Similarly, while each Stacks block settles on Bitcoin, the current design only allows you to independently verify Stacks data if you have a copy of the chain state. If using BitVM, Stacks blocks also include validity proofs, so you can check not only integrity (the data in a given Stacks block is consistent with the hash stored on Bitcoin), but also correctness (you can verify that the transactions in a given Stacks block were actually executed correctly by looking at the proofs stored on Bitcoin). In other words: this will enable Stacks to develop into an optimistic Rollup on Bitcoin.

The specifics of how to use BitVM to implement these applications require more research and development. But we can try to sketch out some ideas at a high level.

BitVM and sBTC

Consider the example of sBTC: the anchoring process is very simple and can be completed by broadcasting a Bitcoin transaction. However, in the current design, the anchor withdrawal process relies on signers to process the request (on Stacks). This imposes some constraints:

• Exits can take time, depending on how many signers are offline/honest.

• You need to trust the network of signers, and more broadly the entire Stacks.

If you instead (or perhaps also) generate a validity proof on Bitcoin and use BitVM^[19], then:

• Exits can be processed optimistically (and thus, on the happy path, faster).

• The anchor only needs one honest participant to run; you don’t need to trust 30% of the signer network.
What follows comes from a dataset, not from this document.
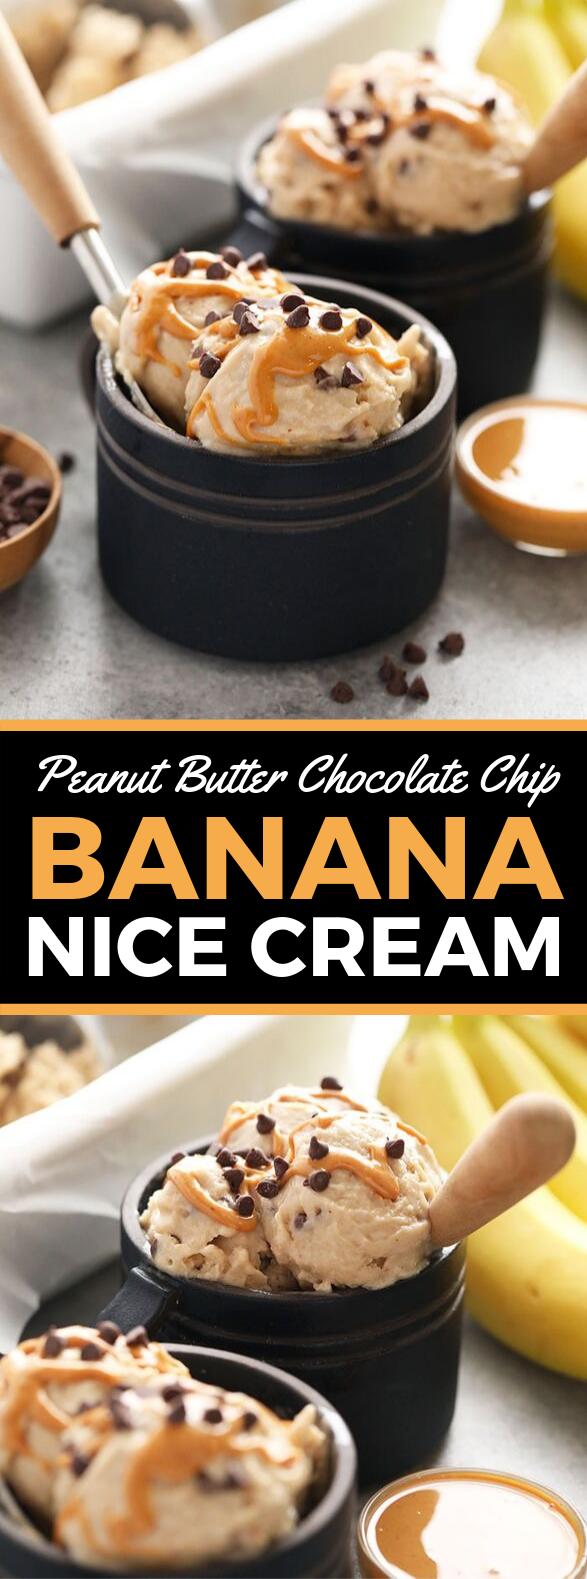 PEANUT BUTTER BANANA NICE CREAM #desserts #dairyfree
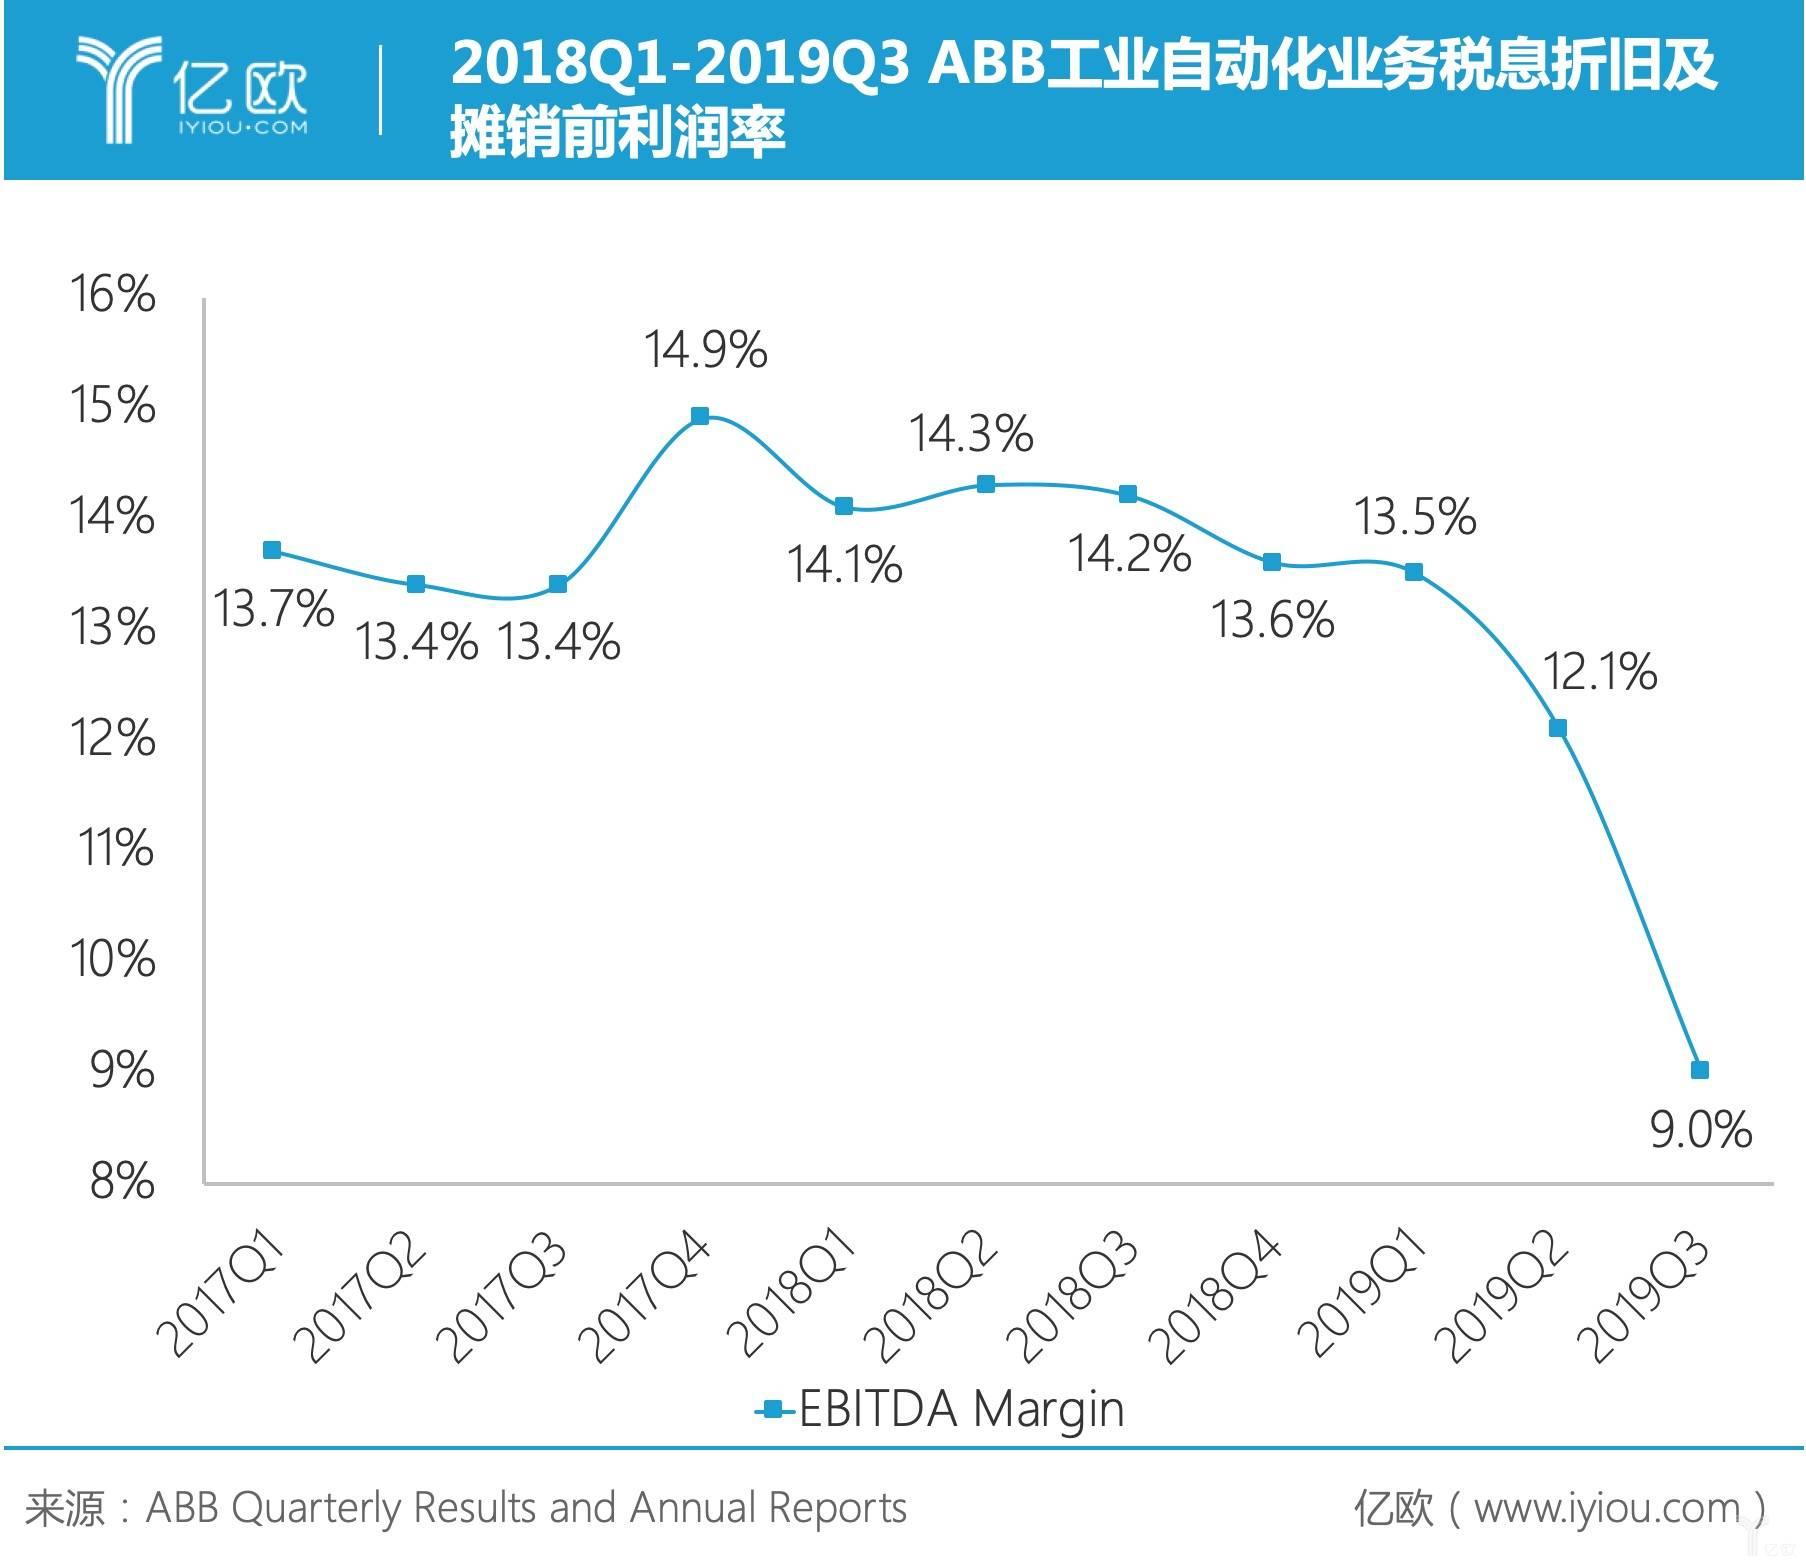 2018Q1-2019Q3 ABB工业自动化业务税息折旧及摊销前利润率

The key is to figure out exactly how to construct the validity proof. The brute force approach described in the BitVM whitepaper would work, but would likely result in a very large tapleaf circuit (billions of nodes). This in turn means that any challenge would take a long time (perhaps weeks or more), not to mention the cost in terms of attention and resources (transaction fees!). As we saw with the tic-tac-toe example, more concise proofs can be constructed, tailored for specific use cases, and similar approaches may work better for this case.

BitVM and Stacks

As for the validity proof of the entire Stacks block, there is a lot of design space worth exploring. For example, is the proof at the granularity of a single transaction or the granularity of an entire block or something in between (such as transactions forming a causal dependency chain)? Is it possible to take an incremental approach, such as generating proofs for simple token transfers first, and then gradually adding Clarity contracts? Is this a good use of Bitcoin block space, since Stacks miners and network participants already have an economic incentive to maintain a complete history of the Stacks chain state?

Conclusion

BitVM is an exciting topic that will require more research, thought, and experimentation than a blog post can provide, but I hope this has helped shed light on one of the most exciting recent developments in Bitcoin.